Abstract. Billions of dollars and countless GPU hours are currently spent on training Deep Neural Networks (DNNs) for a variety of tasks. Thus, it is essential to determine the difficulty of stealing such networks (by extracting all their parameters) when given access to their black-box implementations. Many versions of this problem have been studied over the last 30 years, including a deep result by Charles Fefferman from 1994 that the internal parameters of such networks are uniquely determined by their inputs and outputs, in the same way that the coefficients of multivariate polynomials are uniquely determined by their inputs and outputs via interpolation. However, his result does not determine the difficulty of this task, and the best currently known algorithm for extracting all the parameters of a ReLU-based deep neural network was presented at Crypto’20 by Carlini, Jagielski, and Mironov. It resembles a differential chosen plaintext attack on a cryptosystem, which has a secret key embedded in its black-box implementation and requires a polynomial number of queries but an exponential amount of time (as a function of the number of neurons).
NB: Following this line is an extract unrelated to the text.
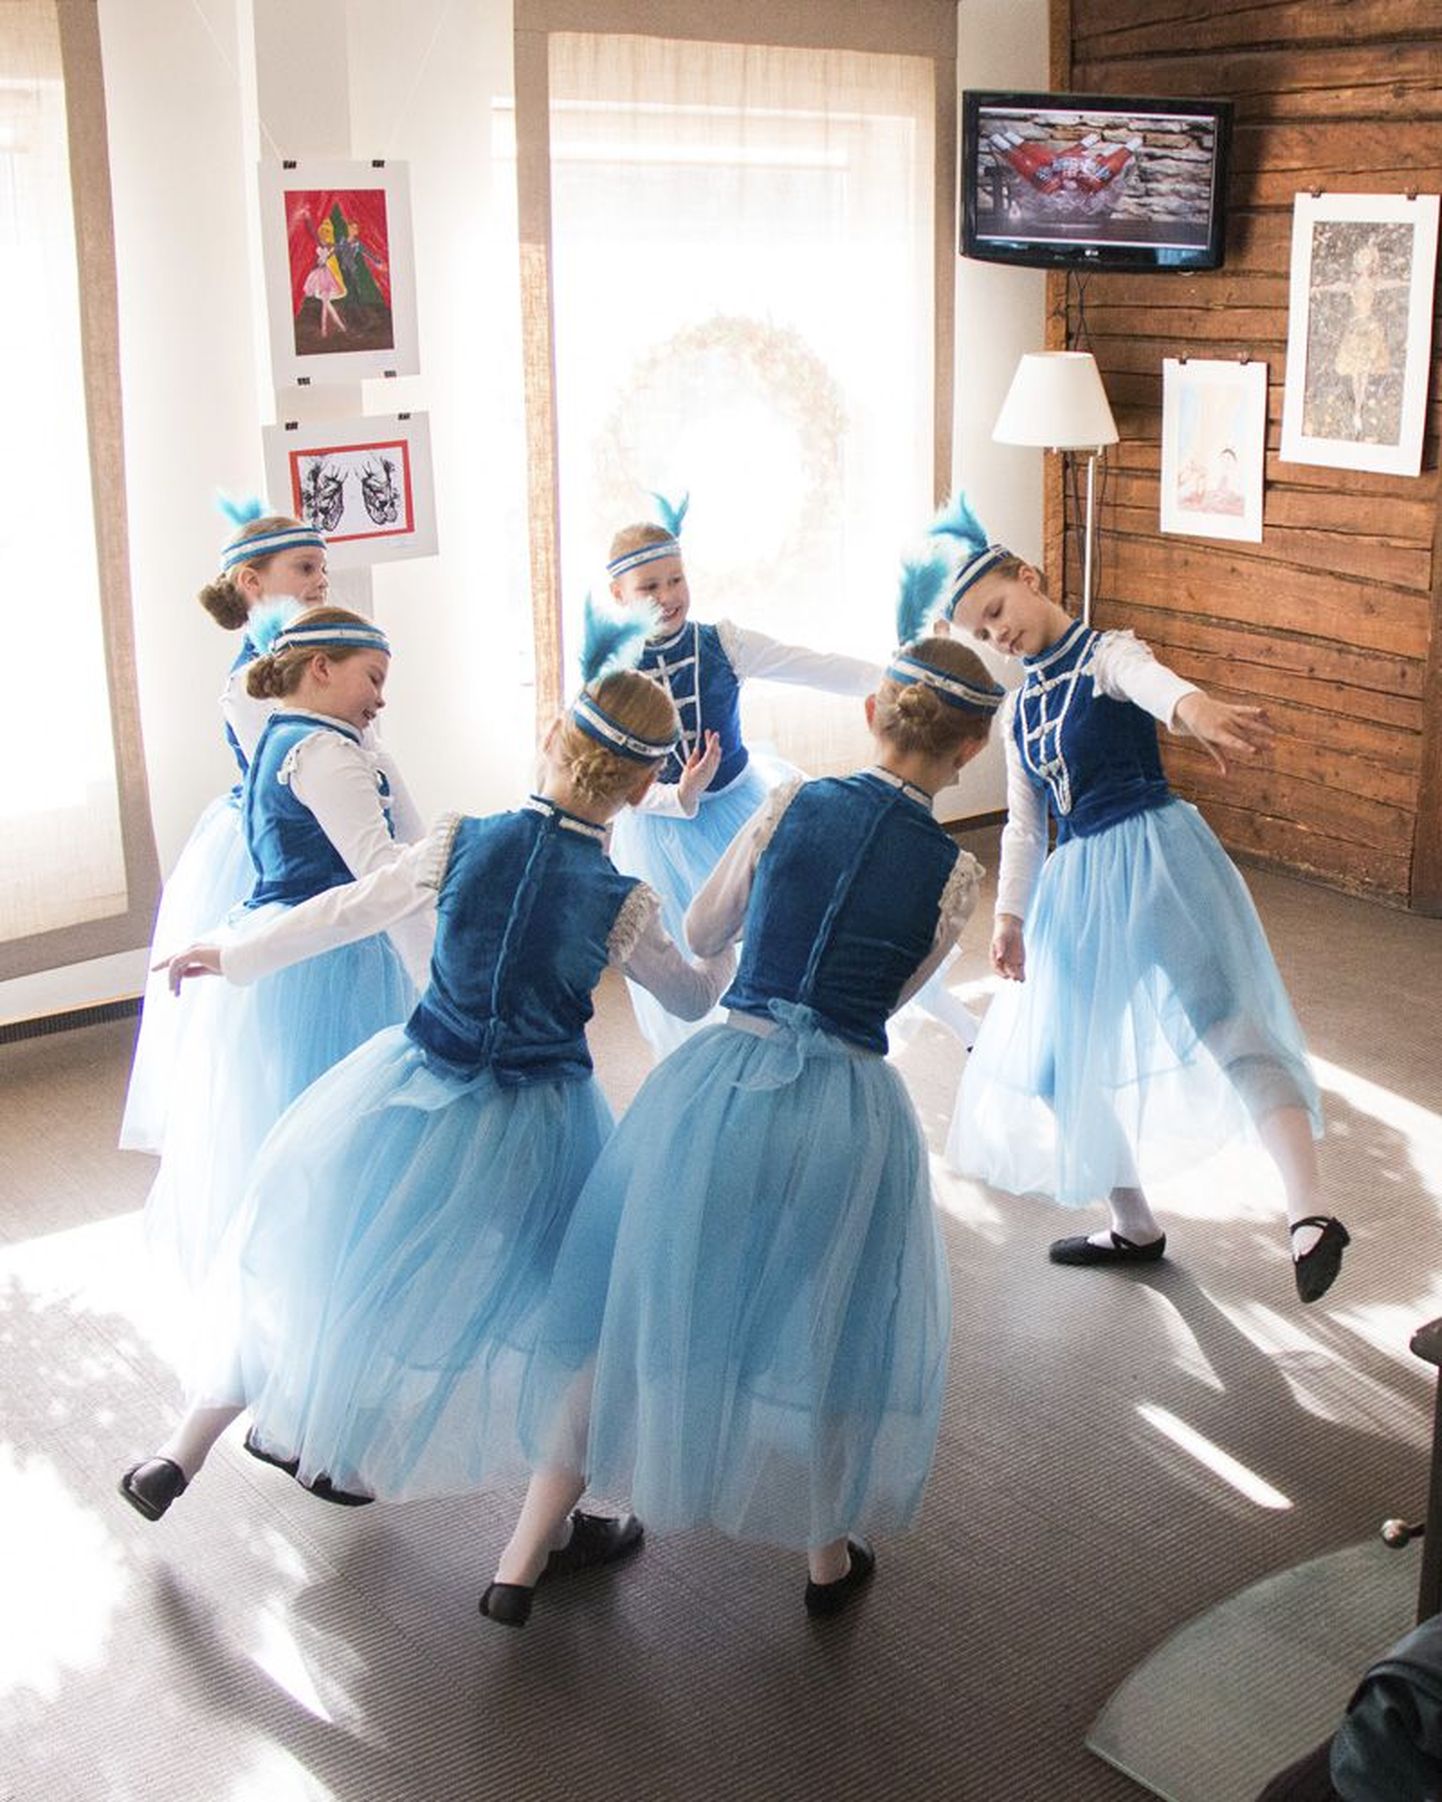 Kaurikooli balletilapsed esitasid näituse "Minu ballett" ning Rakveres ja Jõhvis toimuva balletifestivali avamisel masurka Pjotr Tšaikovski balletist "Luikede järv".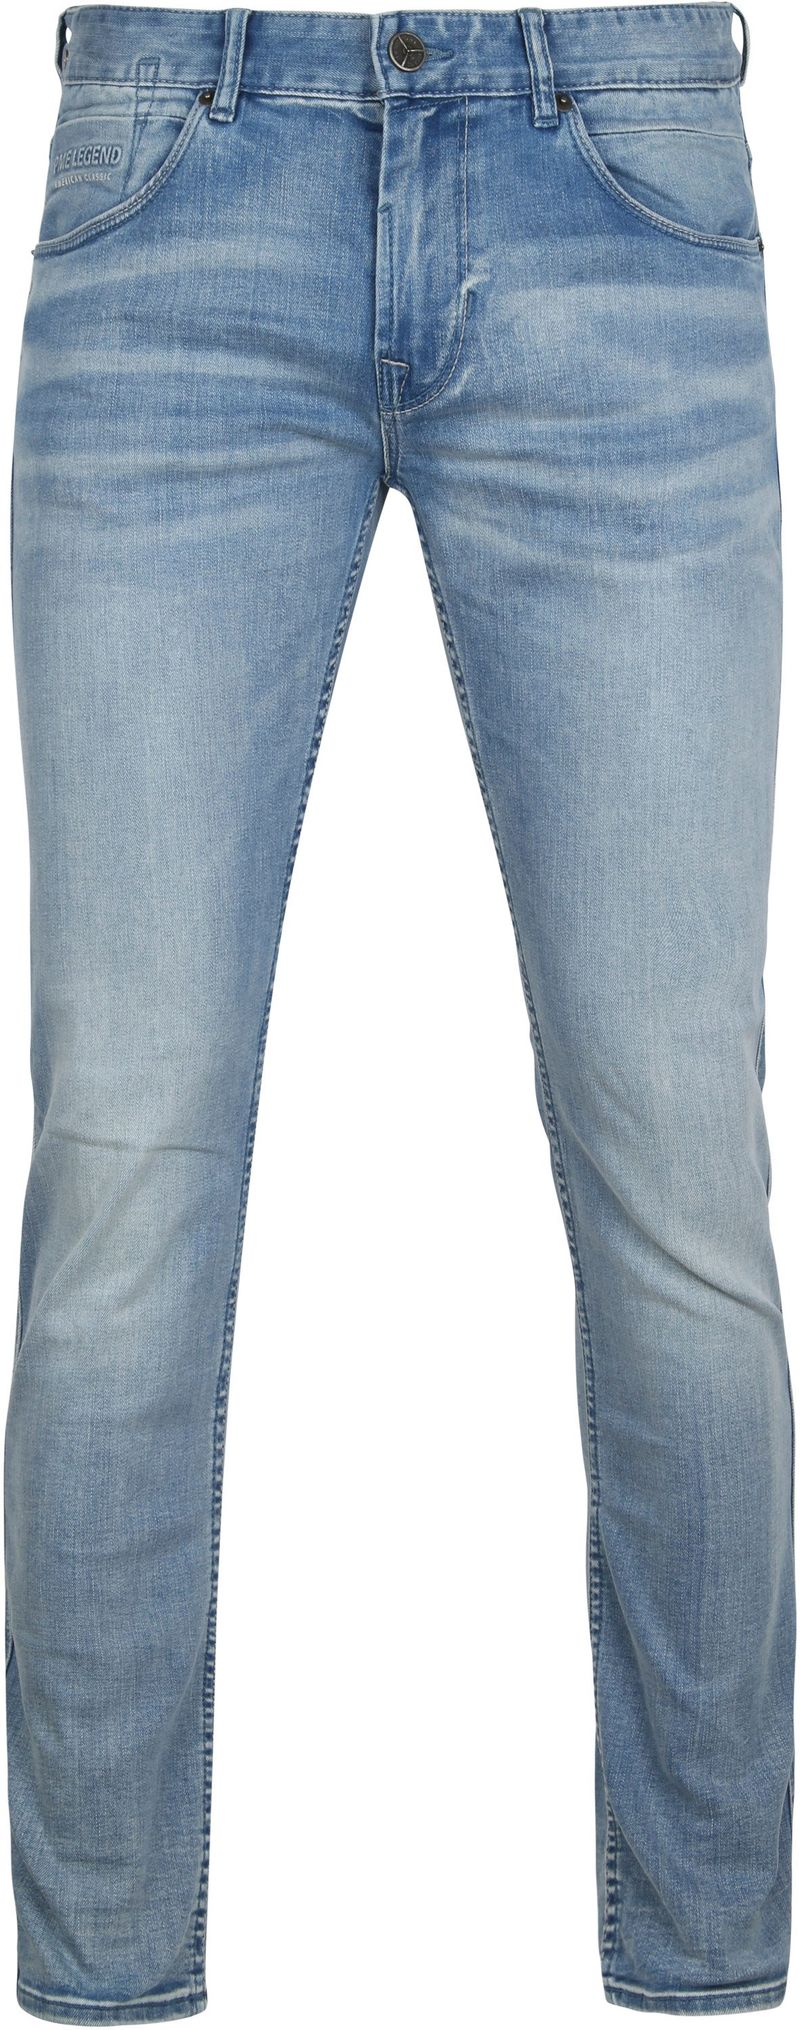 PME Legend Nightflight Jeans Blau - Größe W 33 - L 34 günstig online kaufen

In this talk, I will improve this attack by developing several new techniques that make it possible to extract with arbitrarily high precision all the real-valued parameters of a ReLU-based DNN using a polynomial number of queries AND a polynomial amount of time. I will demonstrate its practical efficiency by applying it to a full-sized neural network for classifying the CIFAR10 dataset, which has 3072 inputs, 8 hidden layers with 256 neurons each, and about 1.2 million neuronal parameters. An attack following the approach by Carlini et al. requires an exhaustive search over 2^256 possibilities, whereas the new attack requires only 30 minutes on a 256-core computer.